**YOUR TASK**
Please reproduce the entries below exactly, leaving the pictures out.

(Records from a dataset)
______________________________
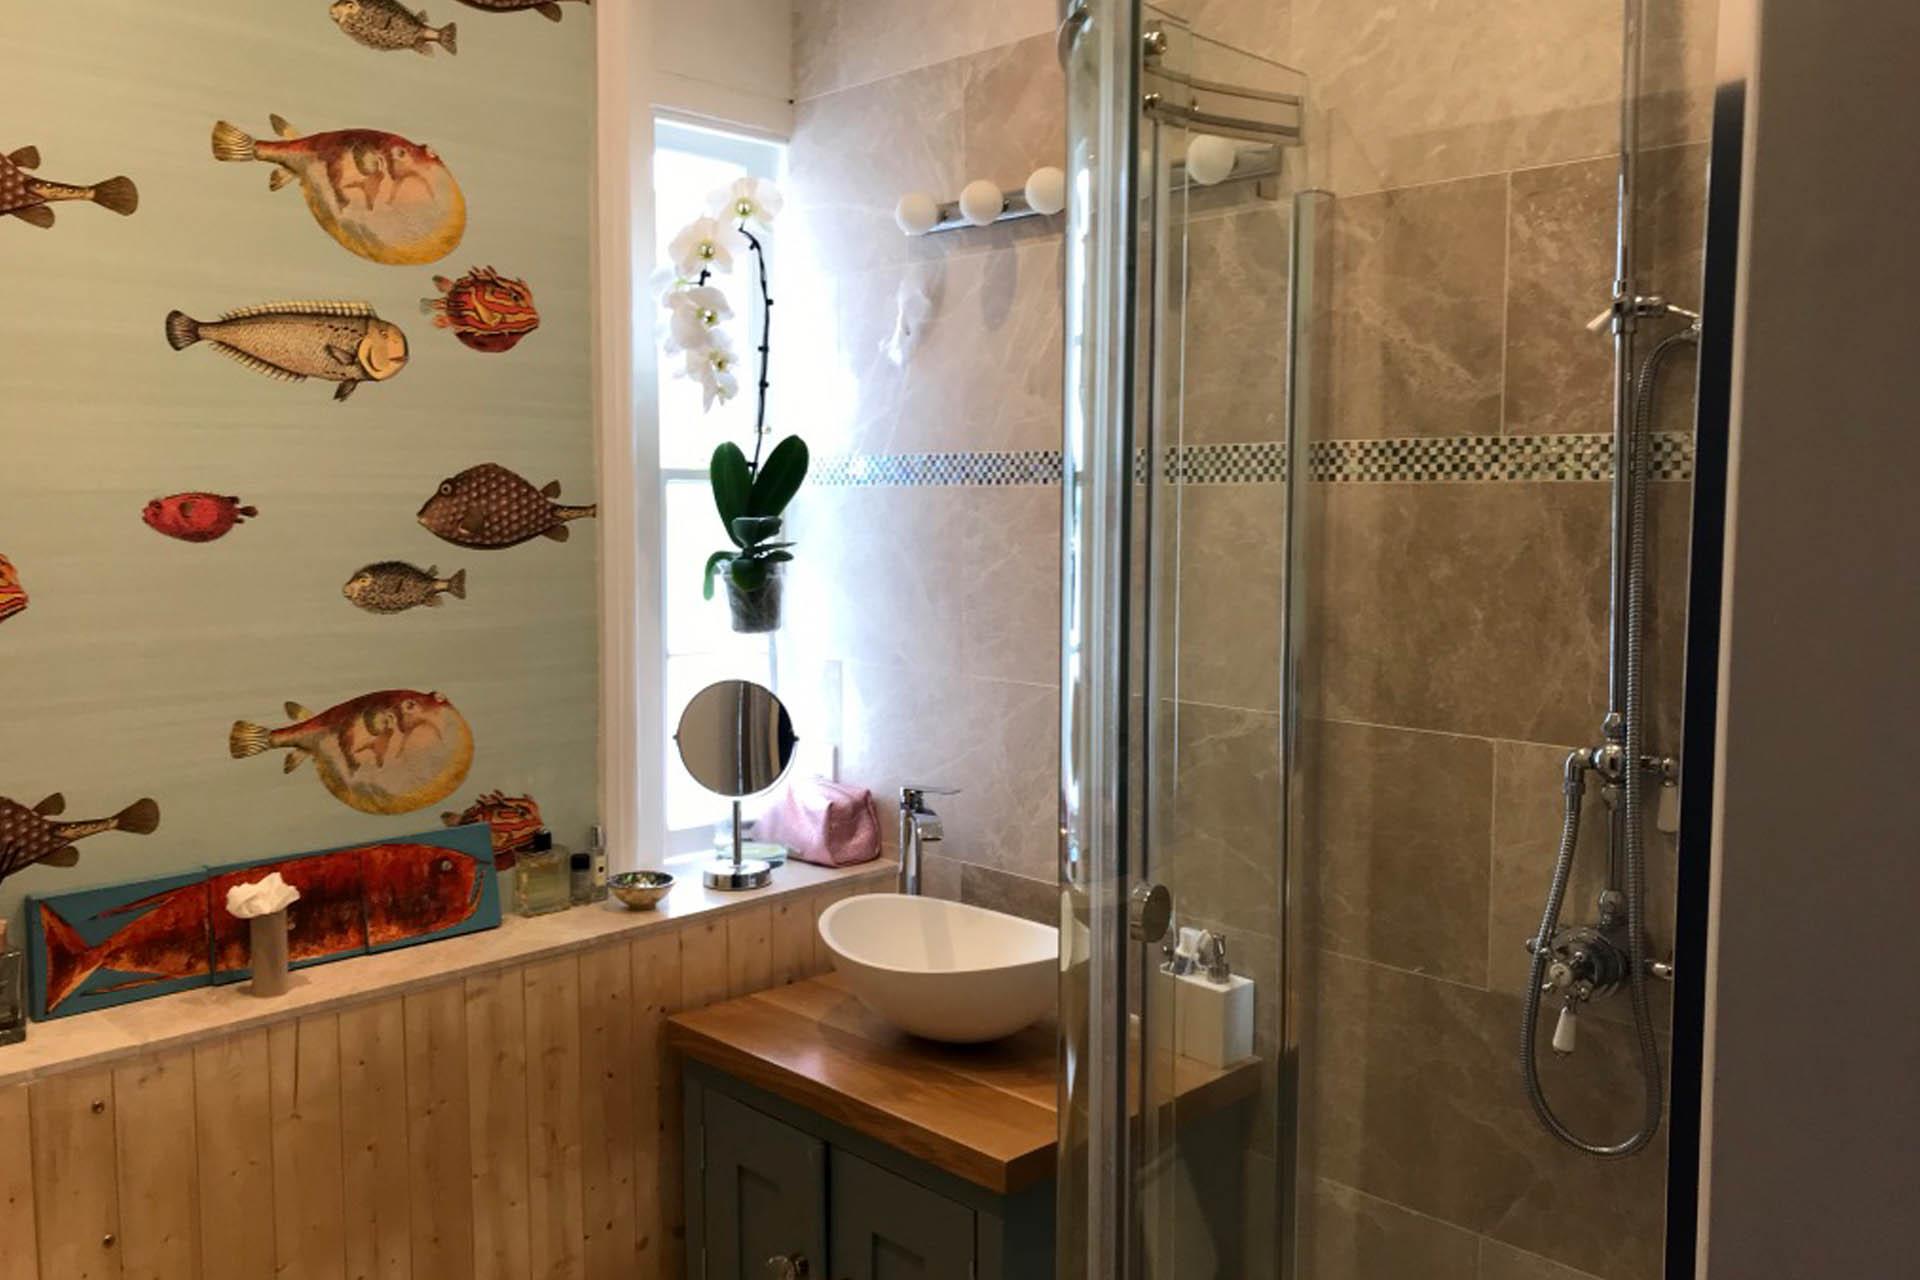 KIlburn NW6 new bathroom installed
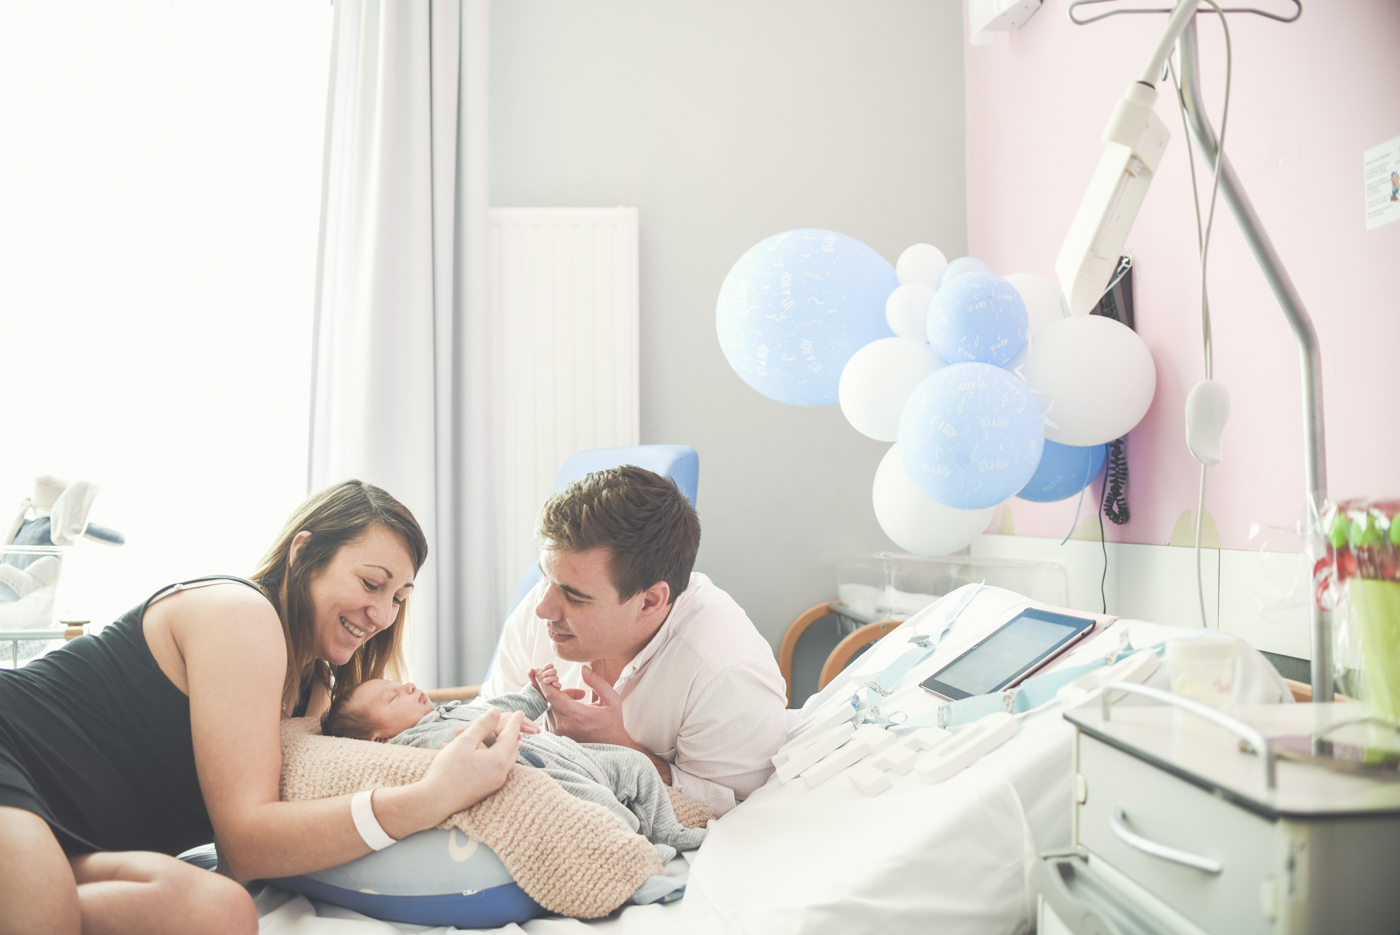 portfolio-fotos-bebes-recien-nacidos-ninos-mia-moments-hospitalbrugman-02.jpg
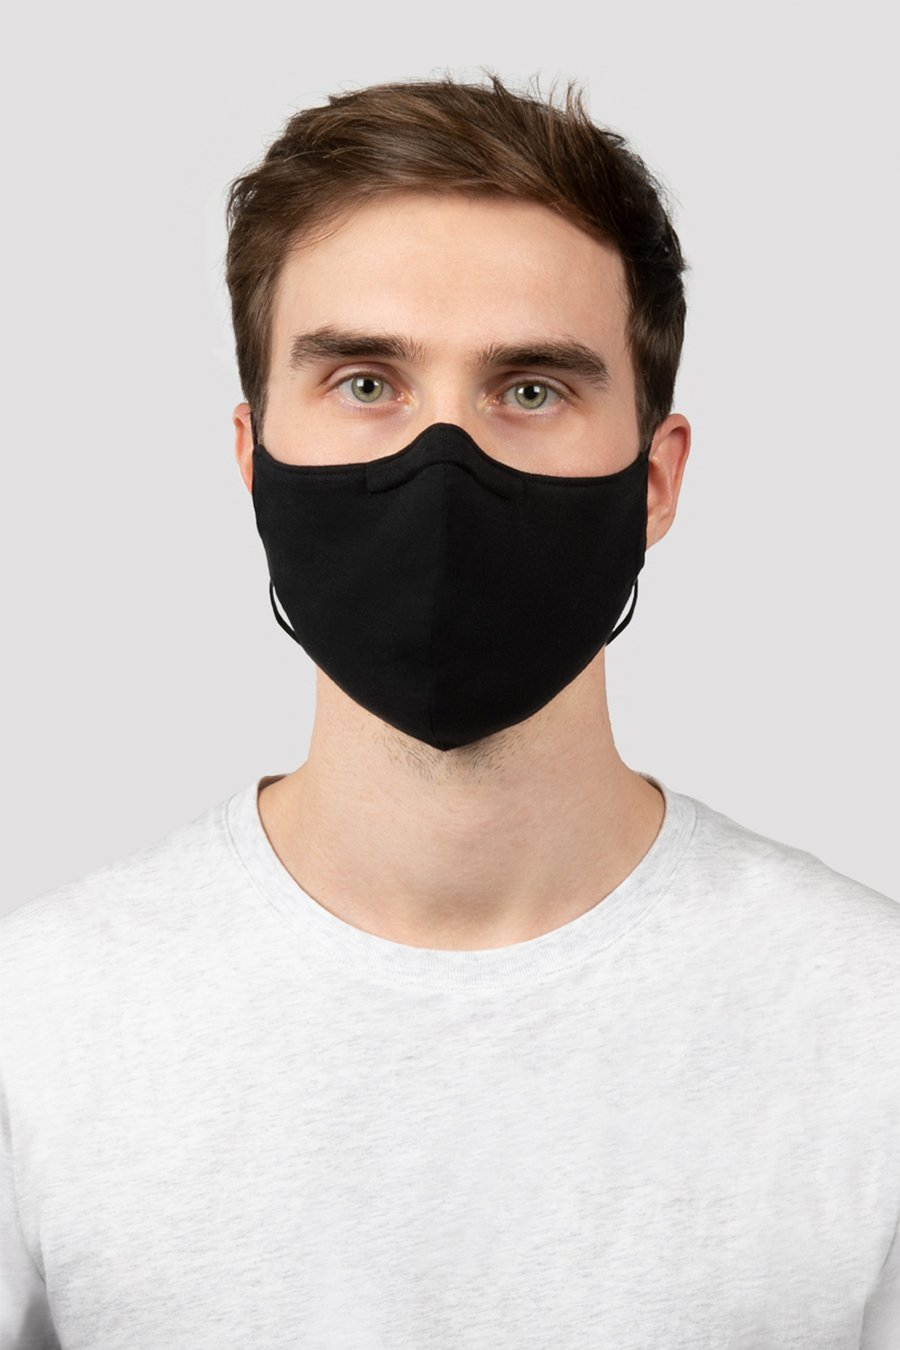 Bloch B-Safe Face Mask Lanyard Adult 3-pack
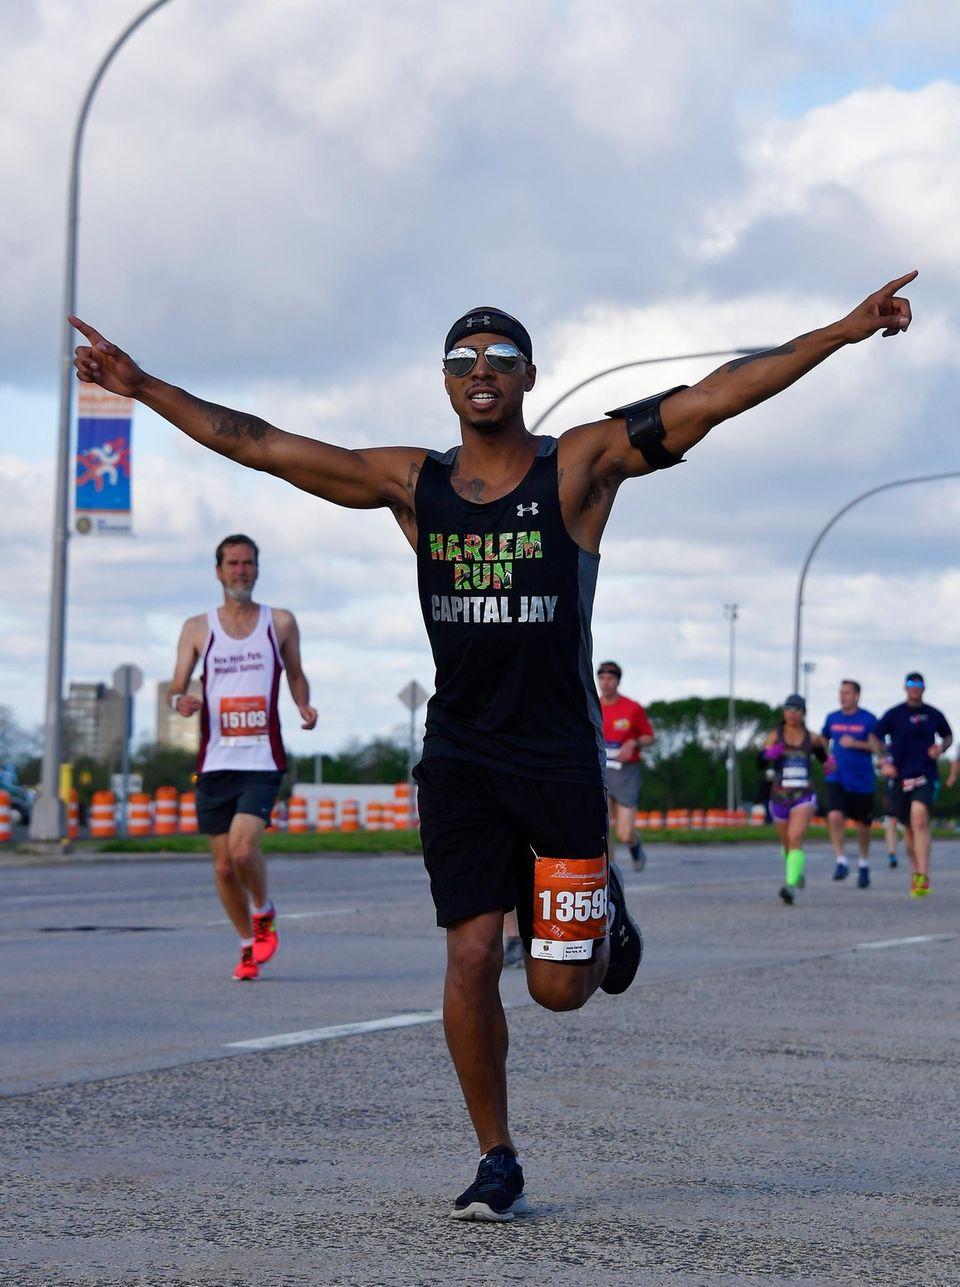 Jason Carrol, 35, of Manhattan, runs the half-marathon
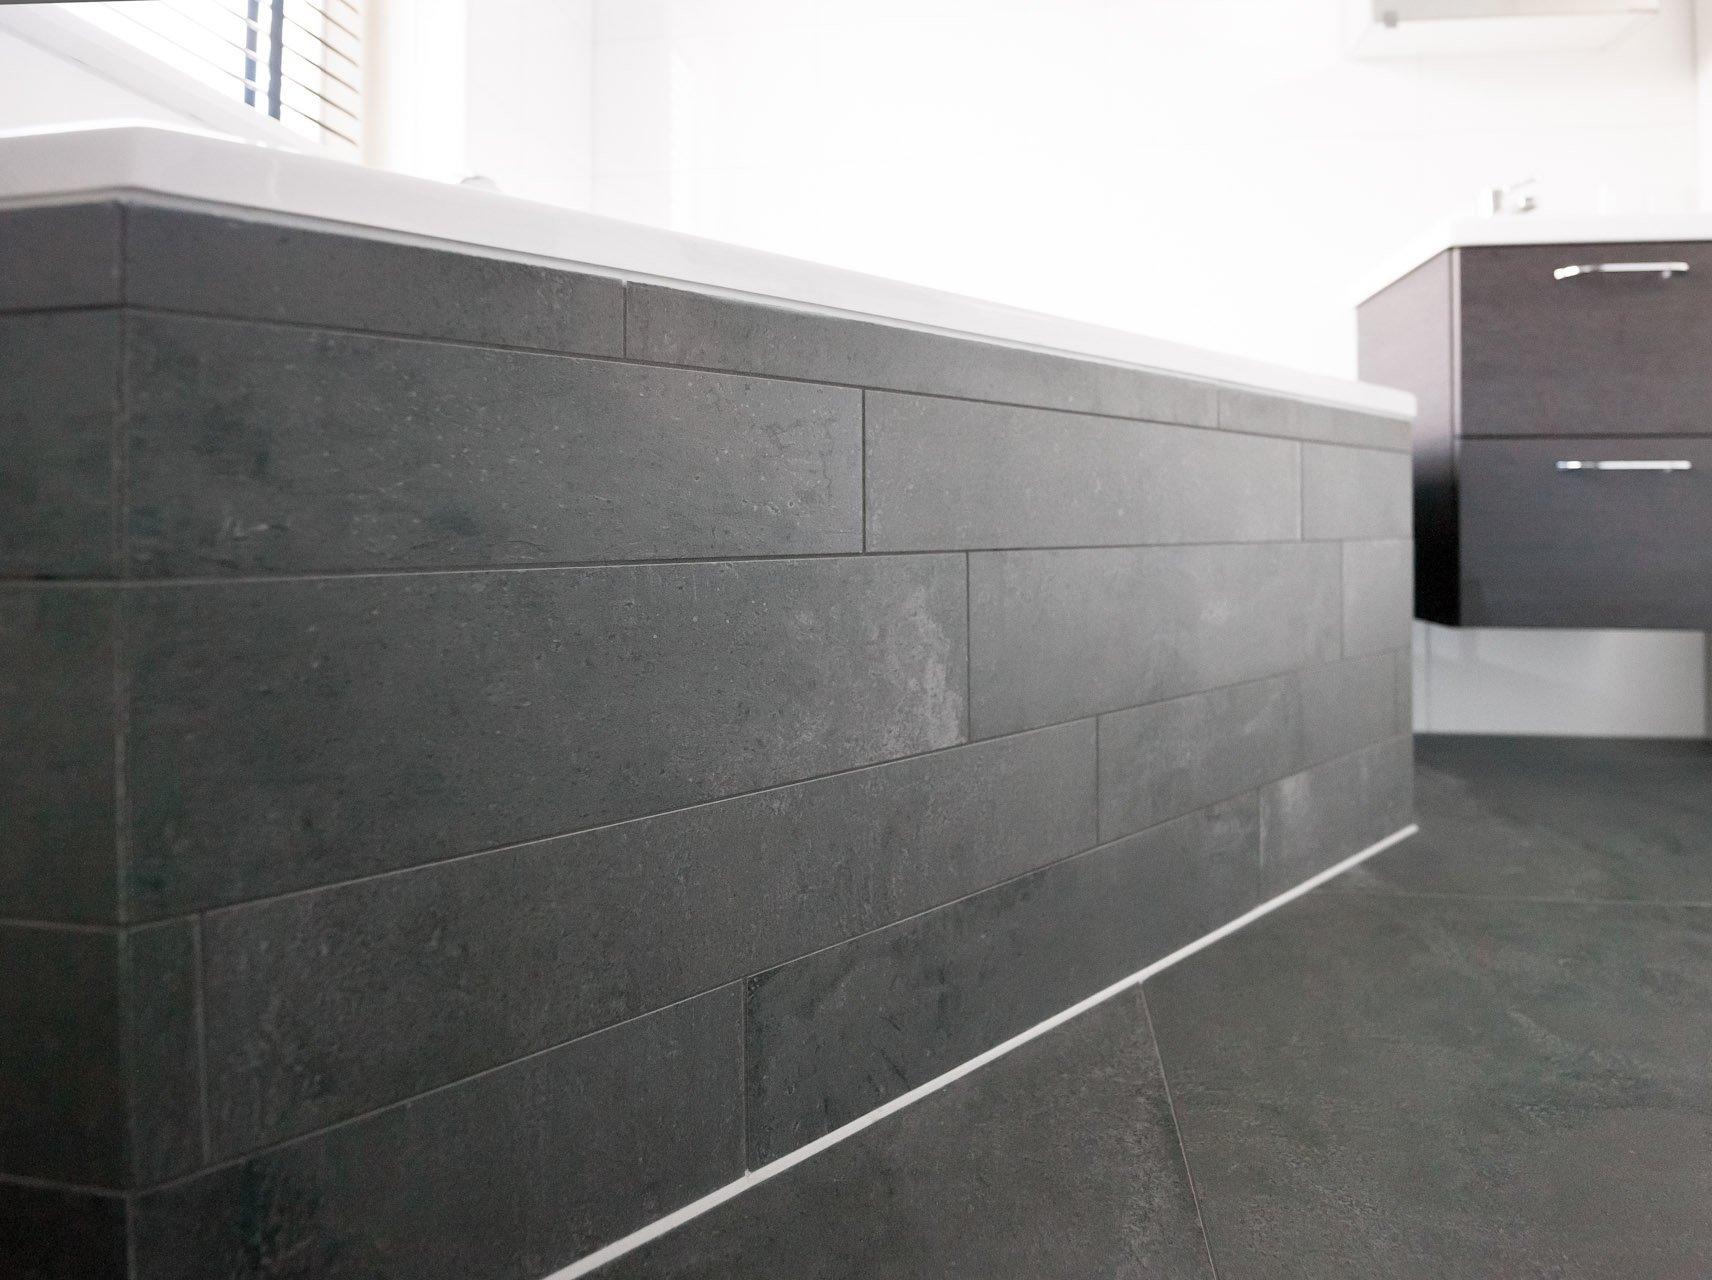 Antraciet vloertegels in woonkamer en badkamer
______________________________
**TASK ANSWER**
 KIlburn NW6 new bathroom installed
 portfolio-fotos-bebes-recien-nacidos-ninos-mia-moments-hospitalbrugman-02.jpg
 Bloch B-Safe Face Mask Lanyard Adult 3-pack
 Jason Carrol, 35, of Manhattan, runs the half-marathon
 Antraciet vloertegels in woonkamer en badkamer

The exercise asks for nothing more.